Following many of its peers in cutting lending rates, private sector lender HDFC Bank on Wednesday cut its marginal cost of funds-based lending rate (MCLR) by 75-90 basis points across tenures, effective January 7, it said in a statement.
The bank’s one-year MCLR now stands at 8.15%, 75 bps lower than the previous rate, while overnight, one-month, three-month and six-month MCLR were cut to 7.85%, 7.90%, 7.90%, 8.00% respectively.
The bank was not the only lender to cut interest rates on Wednesday. State-owned lender Canara Bank cut its MCLR by 70-75 bps across tenures, with the one-year MCLR being brought down to 8.45%, from 9.15% earlier.
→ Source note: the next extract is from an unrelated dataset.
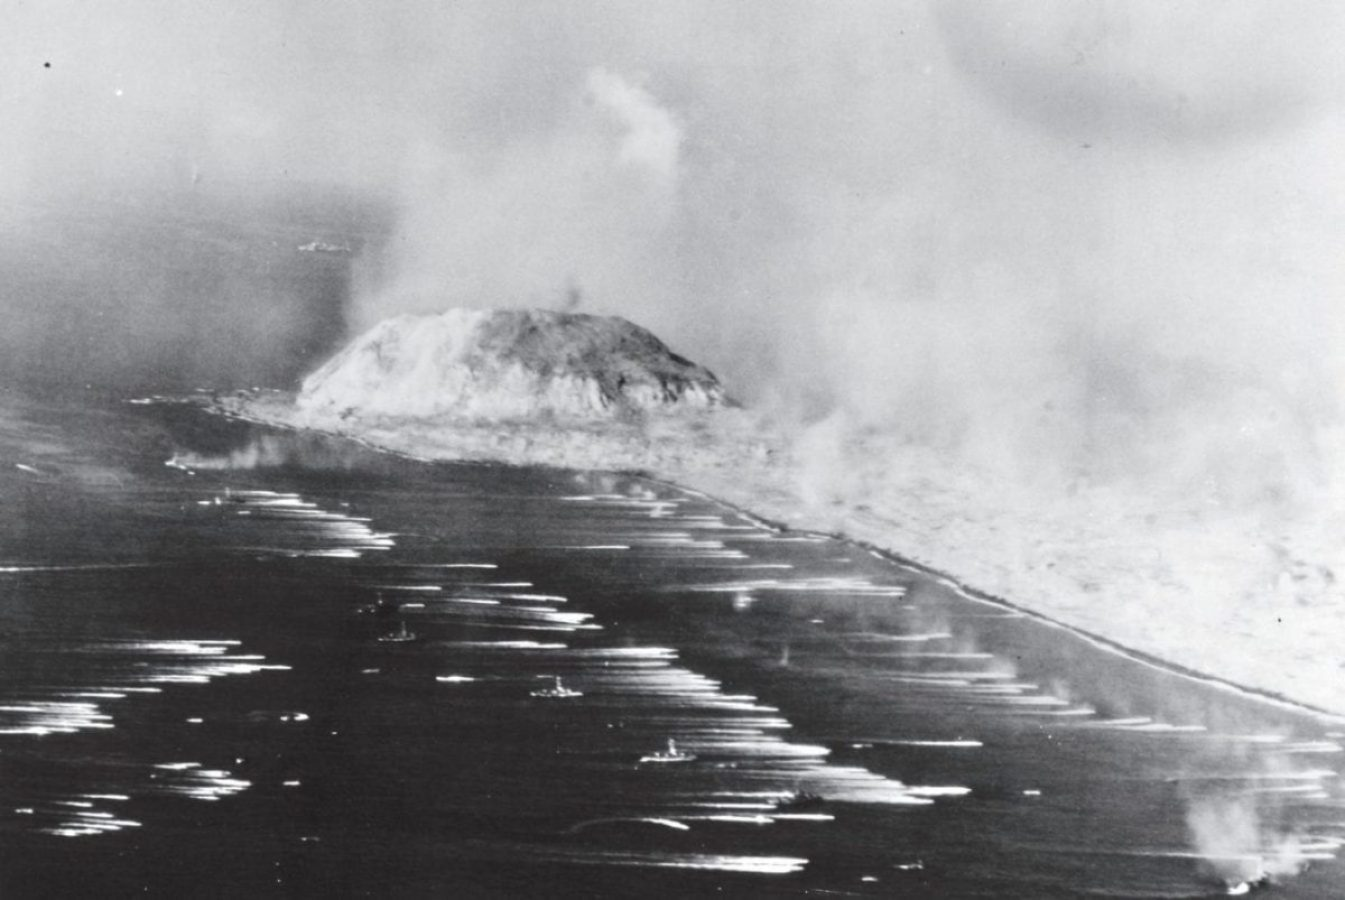 IWO JIMA landing Marines on D-day.

The revised rates will take effect from January 7 onward.
Apart from the two banks, private sector housing finance company Dewan Housing Finance too cut its home loan rates by as much as 50 bps to 8.60%, effective January 4. “We will continue to be prompt and responsive to any initiative in the external environment, as we also continue to undertake several internal measures to benefit our customers as part of our commitment to enable access to home ownership for the LMI segment,” the company’s CEO Harshil Mehta said in a statement.
So far in January, State Bank of India (SBI), ICICI Bank, Punjab National Bank, Union Bank of India, IDBI Bank, Central Bank of India, Kotak Mahindra Bank, Andhra Bank, State Bank of Travancore, YES Bank and Bank of India have cut their MCLRs. The cuts came in reaction to a demonetisation-induced deluge of deposits with banks and a resultant drop in their marginal cost of funds. As per the MCLR regime, banks review their benchmark lending rates every month on the basis of their incremental cost of funds.